The attack on the finding is of sufficient importance to merit special consideration. In effect, it aims to show a distinct break and change in the plaintiff's operations at the point where the tobacco is taken from the sheds to the warehouses. The method used is to seek to have stricken out the findings that there is no market for the tobacco at that time and that the various steps taken by the plaintiff are a part of one continuous operation. Both of these findings are supported by the evidence. While it is true that almost anything can be sold at a price and that in fact tobacco has been sold before being taken to the *Page 137 warehouses for packing, its peculiar nature prevents the possibility of any fair appraisal at that time.
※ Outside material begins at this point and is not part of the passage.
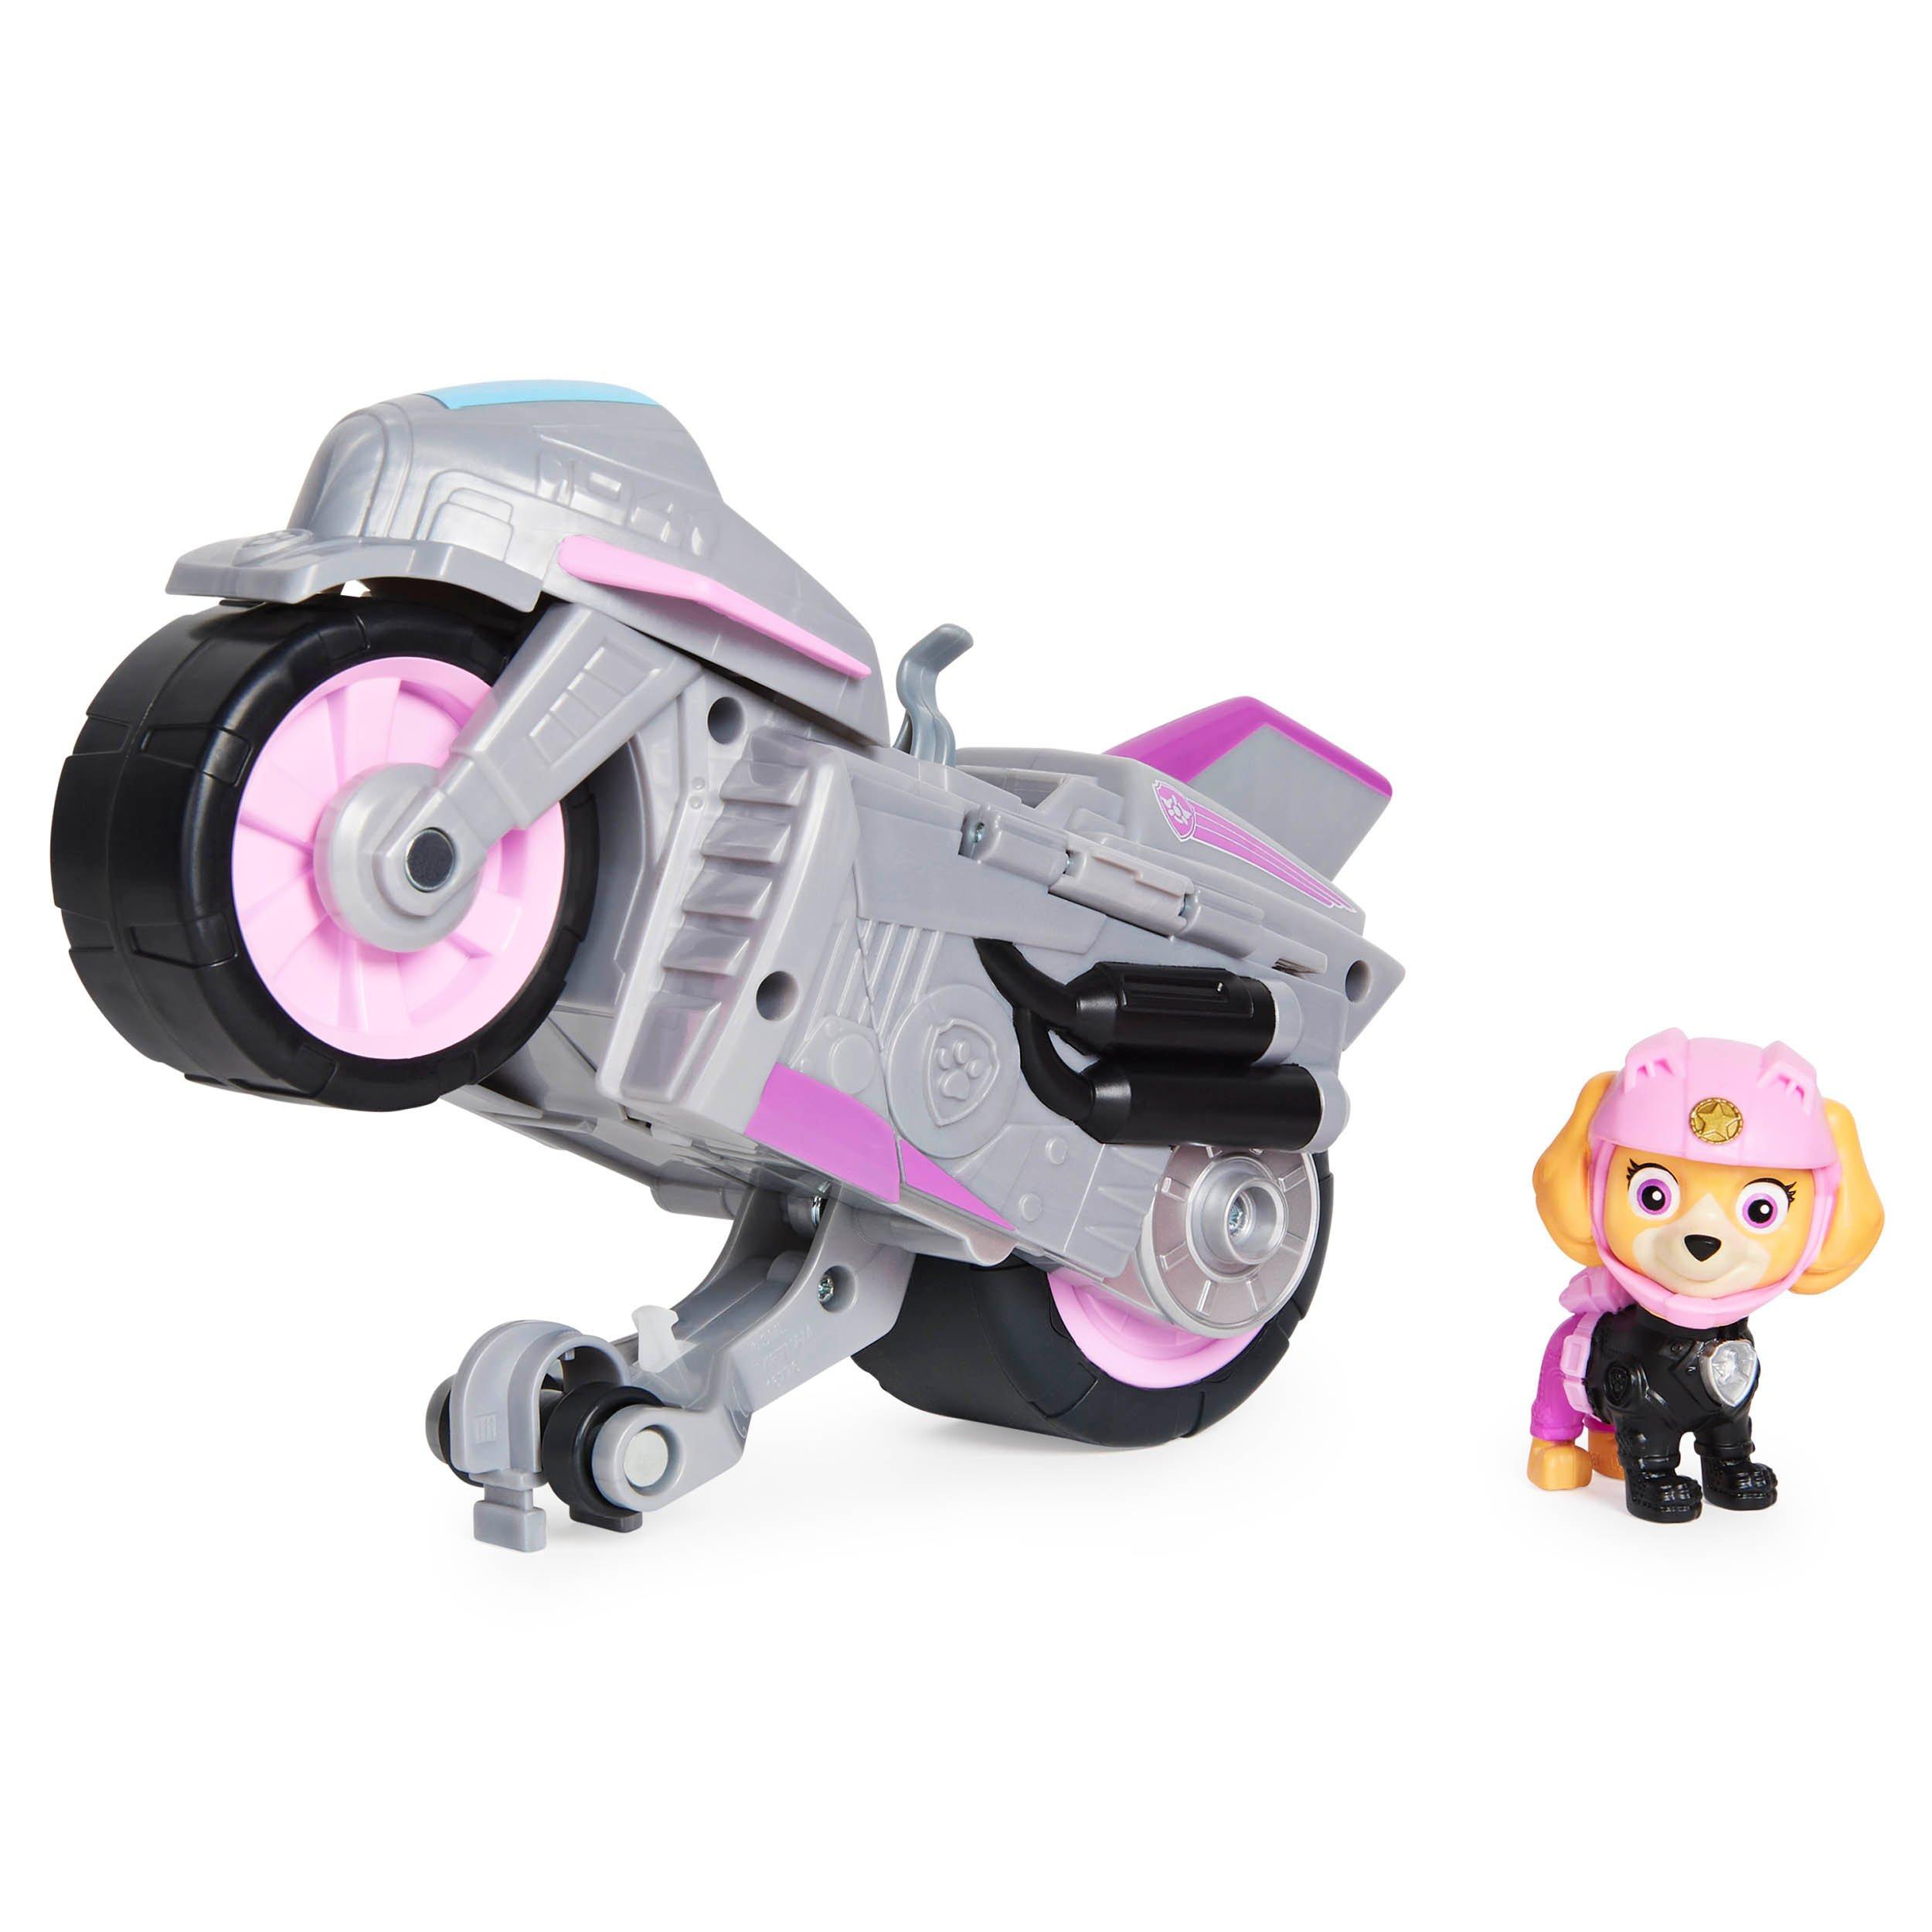 PAW Patrol Moto Deluxe Pull Back Motorcycle Vehicle with Wheelie Feature and Toy Set | GameStop

The prices paid for Connecticut shade vary from ten cents a pound to $5.25 a pound. The price which it will ultimately bring depends on color, texture, quality, taste and size. None of these, with the possible exception of size, are determinable at this point in its development. It follows that the finding that there is no market for the tobacco at this time is a reasonable one. As for the continuity of the operations, there was abundant proof that stopping them at any point short of completion would result in spoiled and valueless tobacco.
The remaining question is whether the finding supports the conclusion referred to. The general scope and purpose of the Connecticut act and its relation to similar federal legislation is fully discussed in the Duys case. We are here concerned with the narrower point, whether the laborers whose wages were the measure of contribution were engaged in ordinary farming operations as distinguished from manufacturing or commercial operations.
The original federal act, like the Connecticut act, exempted agricultural labor without defining the term. The definition in the Duys case at page 311 need not be repeated here. The difficulties resulting in the administration of the act were recognized in Congress and an amendment was passed to clarify the scope of the exemption. Its applicable portion reads as follows [1607(l), Chap. 9, Internal Revenue Code, 26 U.S.C.A. 1607(l), p. 406]: "The term `agricultural labor' includes all services performed. . . (4) In handling, planting, drying, packing, packaging, processing, freezing, grading, storing, or delivering to storage or to market or to a carrier for transportation to market, any agricultural or horticultural commodity; *Page 138 but only if such service is performed as an incident to ordinary farming operations or, in the case of fruits or vegetables, as an incident to the preparation of such fruits or vegetables for market." Since this definition still contains the term "incident to ordinary farming operations," it would not greatly advance the inquiry had it not been passed pursuant to a report of congressional committees defining it. This definition is contained in a discussion of the amendment in Senate and House Committee Reports, 76th Congress, 1st Session, House Report No. 728, p. 53; Senate Report, No. 734, p. 63, and is as follows: "The expression `as an incident to ordinary farming operations' is, in general, intended to cover all services of the character described in the paragraph which are ordinarily performed by the employees of a farmer . . . as a prerequisite to the marketing, in its unmanufactured state, of any agricultural or horticultural commodity produced by such farmer . . ." The proviso in this definition requiring that the produce shall be "in its unmanufactured state" ties into the Connecticut regulation providing that the operations shall be "carried on as an incident to ordinary farming operations as distinguished from manufacturing or commercial operations." The definition of manufacturing therefore becomes important.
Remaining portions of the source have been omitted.